Recently I attended a Sydney Arts management Advisory Group event, an interview with UK artist Claire Cunningham. She spoke of her special relationship to the ground. I, too, focus on the ground, feeling it with my walking stick, testing, looking for unevenness, holes, anything that could cause me to trip. Because I’m weak, and my balance and coordination are not great, I use my hands a lot. I touch everything — dirty walls, toilet seats, hand rails — so dirt and scatological imagery may become part of my aesthetic. There is a sense of crookedness, of wobbliness, some muscles overworking, compensating for other muscles that are not functioning. I’m skew. My body image from a very young age has been affected by atrophy, and perhaps this too influences my creative process. I have not until now been conscious of this possibility.
Of course language is never neutral. I have in the past used language that I now realise contributes to oppressive discourse and practice. My experience of disability has made me more aware of the words I choose. I interrogate metaphors and other forms of speech more rigorously. Disability as metaphor — blind, deaf, cripple, mad metaphors — create problems for understanding the specifics of our lived experience. The challenge is to encourage nuance and experimentation, politically-accountable uses of metaphor that make people think more deeply and enable them to imagine alternatives to what exists.

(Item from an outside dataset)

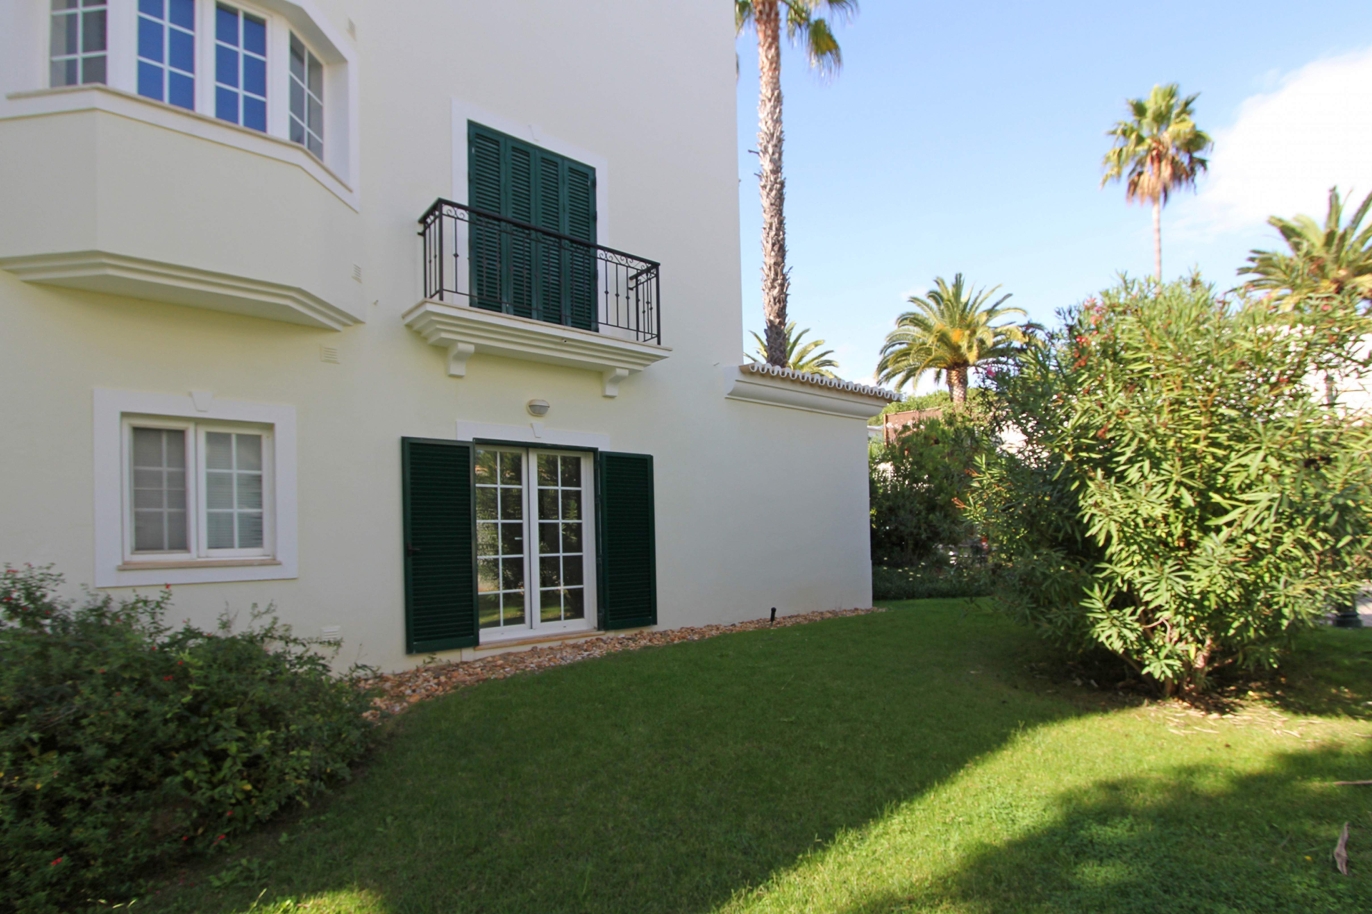 Appartement zu verkaufen, Strandnähe, Vale do Lobo, Algarve, Portugal_120368

I’m not sure why it took me so long to come to my current understanding of disability, why I had to experience disability personally before I even began to consider ableism. I’m not sure why our society has such a fear of physical, mental, behavioural differences. I’m also unsure of how my experience of impairment affects the aesthetic of my writing. These are subjects I would like to explore.
I seek more writing that expresses the realities and variations of human experience – gendered, racialised and disabled bodies. I look forward to aesthetics driven and influenced by the lived-experience of disability. Critically engaged and nuanced, this kind of writing can only enrich and extend our cultural landscapes.